Les cris de joie ont remplacé les hurlements de panique: ensanglantée par les balles d'Anders Behring Breivik en 2011, l'île d'Utøya a accueilli vendredi pour la première fois depuis le massacre le camp d'été des Jeunes travaillistes norvégiens, bien décidés à se réapproprier l'île.
"On est revenu à la normale et on se fait plaisir entre les tasses de café, les gaufres et le +speed-dating+", a confié à l'AFP Ole Martin Juul Slyngstadli, un militant de 22 ans qui a survécu à la fusillade du 22 juillet 2011.

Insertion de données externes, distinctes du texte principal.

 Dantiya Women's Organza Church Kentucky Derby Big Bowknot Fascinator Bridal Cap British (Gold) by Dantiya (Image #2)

Ce jour-là, Anders Behring Breivik avait fait feu sur les participants du traditionnel rassemblement estival de la Jeunesse travailliste (AUF), semant la terreur parmi les jeunes gens piégés sur le petit morceau de terre baigné par les eaux froides d'un lac. La fusillade de près d'une heure et quart avait fait 69 morts.
Quelques heures plus tôt, l'extrémiste de droite avait fait exploser une bombe près du siège du gouvernement à Oslo, à une quarantaine de kilomètres de là, faisant huit autres victimes.

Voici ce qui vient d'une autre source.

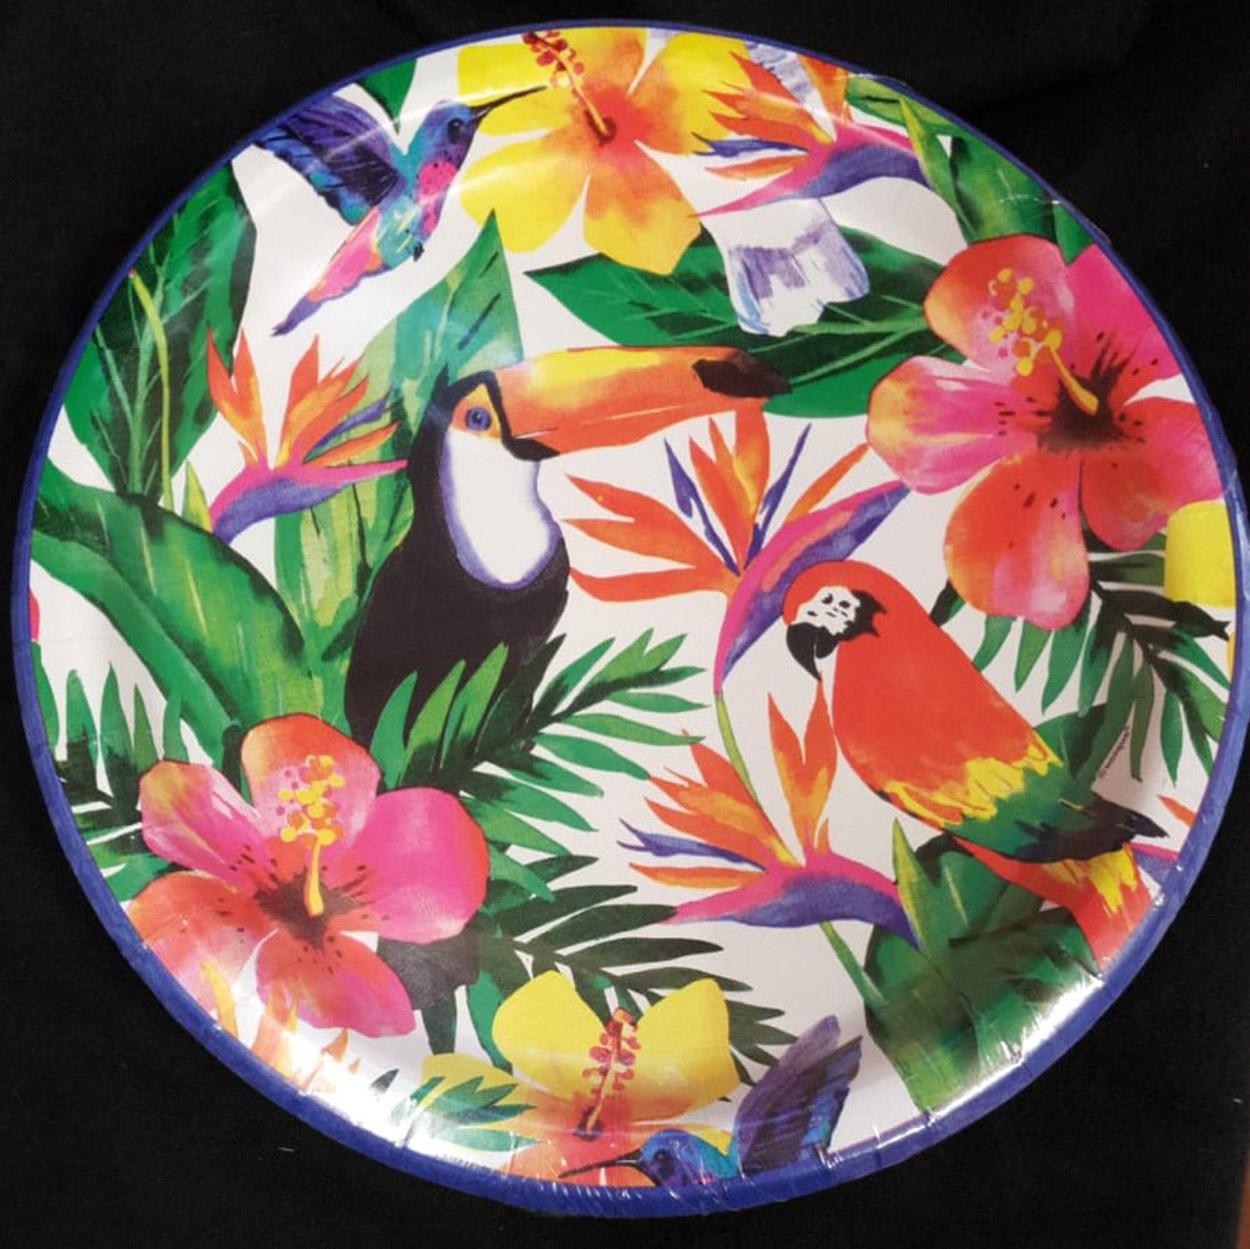 fc2152749ef9 8 Tropical Birds Toucan Parrot Paper Plates Hawaiian Palm Leaf Party Plate  23cm

Quatre ans après le bain de sang, les retrouvailles entre Utøya et le mouvement des Jeunes travaillistes ont été dominées par les rires et les accords de guitare, les matchs de foot et les discussions enflammées.
"Nous avons trouvé le juste milieu entre le devoir de mémoire, la dignité et le retour aux activités normales" du camp d'été organisé sur l'îlot depuis des décennies, a estimé Ole Martin Juul Slyngstadli, aujourd'hui cadre d'AUF.
Malgré une météo pluvieuse, plus d'un millier de jeunes étaient annoncés pour le rassemblement qui durera jusqu'à dimanche.
Parmi eux, un invité de prestige: Jens Stoltenberg, secrétaire général de l'Otan et chef du gouvernement norvégien au moment des attentats. "C'est bon de se réveiller à Utøya, et d'être entouré d'autant de jeunes engagés", a tweeté l'ex-responsable travailliste, habitué des camps d'été depuis les années 1970.
- Sécurité renforcée -
Alors que les autorités norvégiennes avaient été vivement critiquées pour leur impréparation après les attaques de 2011, deux bateaux de police et des agents en armes ont été cette fois-ci déployés.
Certains en Norvège avaient jugé qu'il était trop tôt, voire déplacé, d'organiser un nouveau camp d'été sur les lieux de la tragédie.
Mais l'affluence record témoigne de la détermination des Jeunes travaillistes à reprendre possession d'Utøya comme la direction du mouvement s'y était engagée au lendemain du carnage qui avait choqué la paisible nation nordique.
"C'est bon d'être de retour à la maison", a déclaré le chef d'AUF, Mani Hussaini, devant des centaines de jeunes assis dans l'herbe détrempée.
"Le 22 juillet (2011) fera partie de l'histoire d'Utøya pour toujours () mais la journée d'aujourd'hui va aussi entrer dans l'histoire d'Utøya", a-t-il souligné dans son discours inaugural, seule allusion directe à la tuerie.
L'île a fait peau neuve pour l'occasion. De nouvelles bâtisses en bois ont été érigées à côté des anciens bâtiments retapés mais chargés d'histoire: au centre de l'île, la cafétéria, où 13 jeunes avaient été abattus, conserve des impacts de balles, témoignage de la tragédie qui s'y est jouée.
A proximité, les jeunes, dont un bon nombre issus de minorités ethniques, ont installé leurs tentes multicolores et déambulaient, certains vêtus d'un tee-shirt "Working class hero".
Un peu à l'écart, un mémorial a été aménagé dans les bois: suspendu aux sapins, un grand cylindre métallique, dont la forme évoque la cohésion et l'éternité, y décline les noms de 60 des 69 victimes. Les autres familles ont refusé que le nom de leurs proches y soit gravé.